L'atmosphère est très tendue entre la gauche jurassienne et la majorité gouvernementale et parlementaire de droite, depuis que l'exécutif a décidé de ne pas soutenir la loi sur le développement économique lors de la votation du 24 septembre (Le Temps des 17 et 25 août). Après les invectives proférées par le président du PSJ Gilles Froidevaux, Jean-François Roth, très irrité mercredi, a saisi la perche tendue par le président du PDC Jura Charles Juillard pour dire tout le mal qu'il pense des socialistes, «de leurs aigres musiques et de leur désarroi».

C'est dans ce climat défavorable que le député socialiste Jean-Pierre Petignat a dû défendre sa motion réclamant l'instauration d'un salaire minimum. «Près d'un salarié sur huit en Suisse gagne moins de 3000 francs par mois, relève le syndicaliste. Le Jura, région des bas salaires, n'échappe pas à cette situation.» Et d'exiger un salaire légal plancher de 3350 francs par mois. «Les salaires inférieurs au minimum vital, que le Jura a fixé à 3300 francs pour une famille avec deux enfants, doivent être déclarés illégaux», renchérit le popiste Rémy Meury, précisant qu'à Delémont où il est conseiller communal, «58 personnes ont recouru à l'aide sociale depuis le début de l'année pour compléter leur salaire de misère».

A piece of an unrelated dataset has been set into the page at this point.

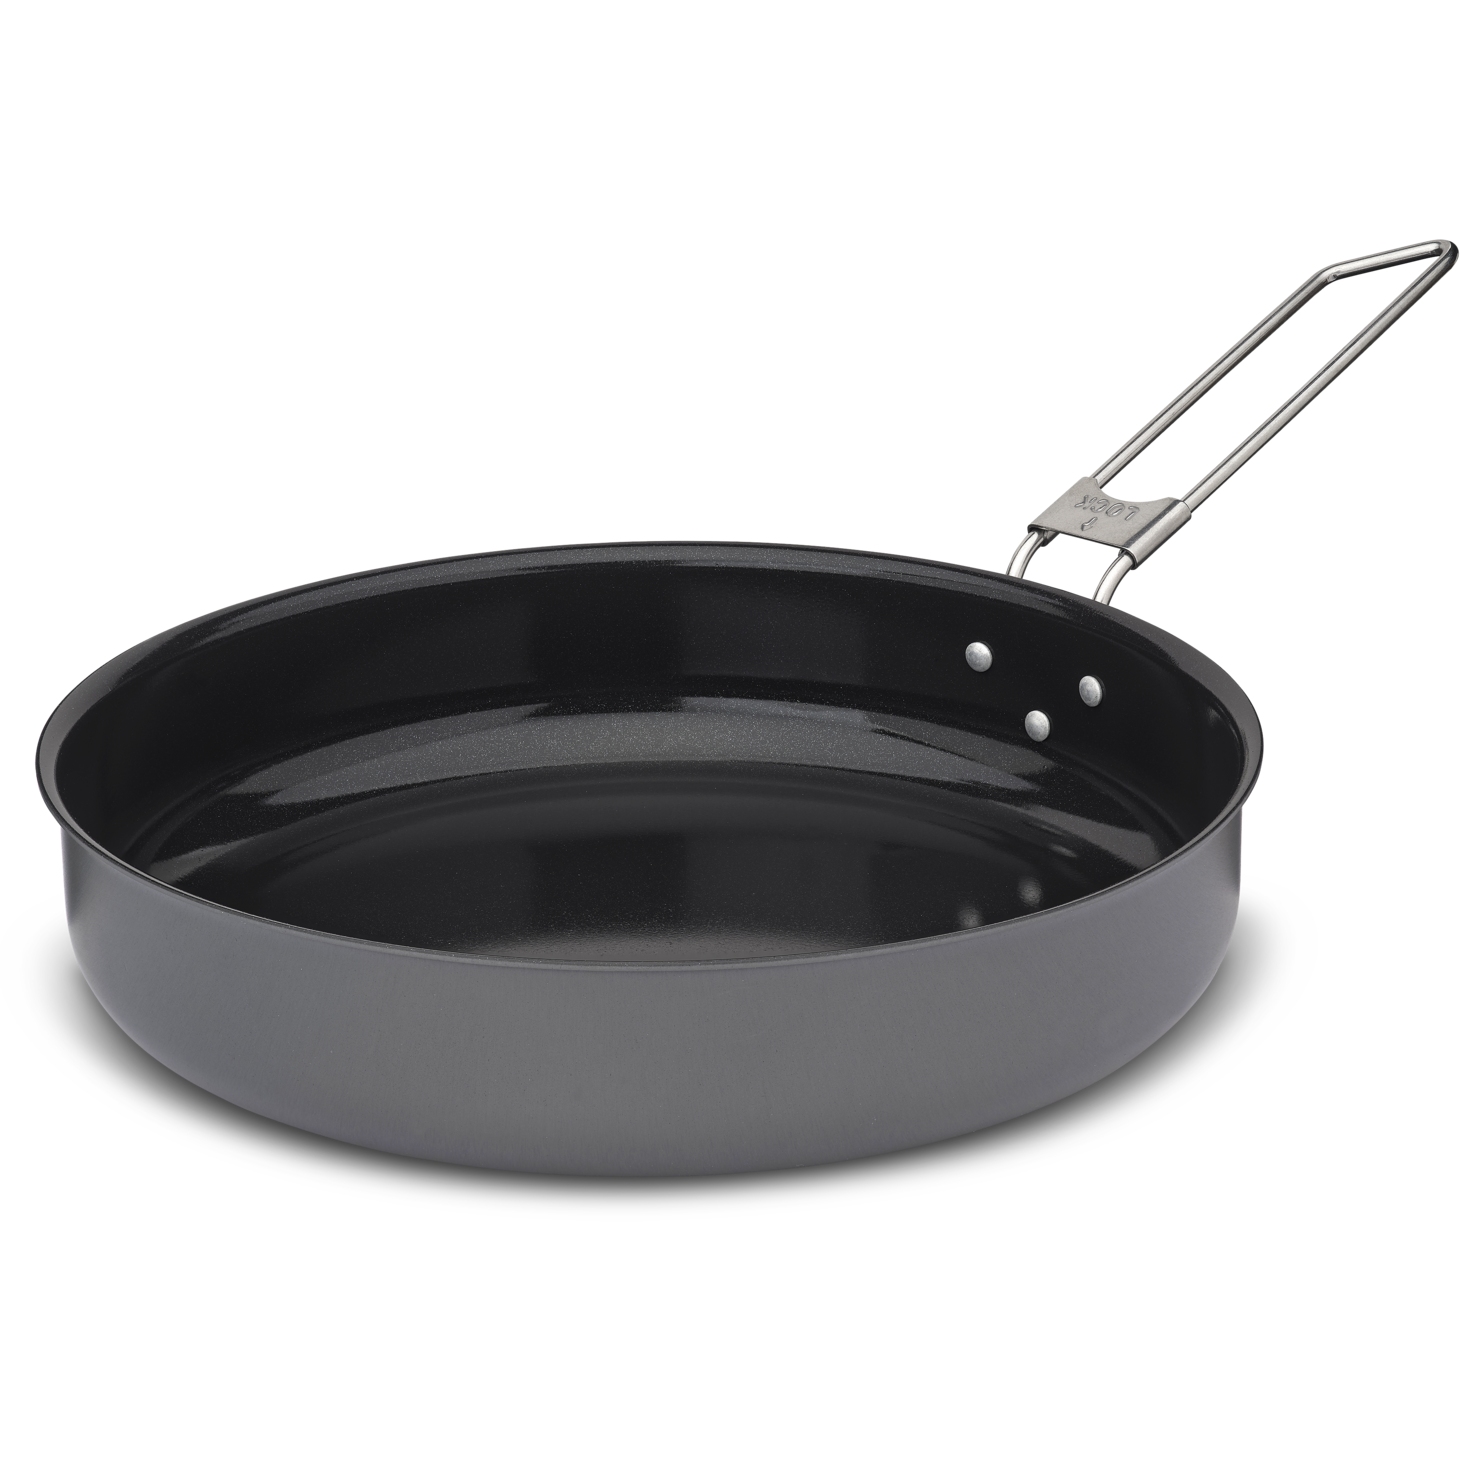 Picture of Primus LiTech Frying Pan - 25cm

Ne niant pas l'acuité du problème, Jean-François Roth prétend que l'instauration d'un salaire minimal dans la loi n'est pas une bonne mesure. Citant une étude de l'OCDE qui s'est intéressée au SMIC en vigueur dans 17 pays européens, il estime que la notion de salaire minimum est «trop globale, trop statique et peut avoir pour inconvénient majeur de freiner l'embauche des jeunes et des personnes peu qualifiées». Autre problème, selon le ministre: même préconisée de manière déclamatoire par les Constitutions fédérale et cantonale, la mesure est incompatible avec le droit civil suisse. En clair, le gouvernement jurassien ne veut pas d'un salaire minimum imposé par l'Etat.

La gauche allait vers une défaite, lorsque les radicaux ont habilement sorti de leur chapeau une solution de compromis: transformer la motion en postulat! «Cela permet d'éviter de refermer définitivement le débat», souligne le député Jean-Michel Conti, qui s'affirme toujours plus comme un homme d'Etat. Et surtout, cette pirouette, acceptée sans opposition et avec une bonne dose d'hypocrisie par ceux qui clamaient quelques minutes plus tôt ne pas vouloir d'un salaire minimum, évite de trop envenimer les relations entre la droite et la gauche.

Jean-Michel Conti lance par ailleurs une pierre dans le jardin de Jean-François Roth, contraint de mener, dans un délai d'un an et contre son gré, une étude sur la faisabilité d'un salaire minimum.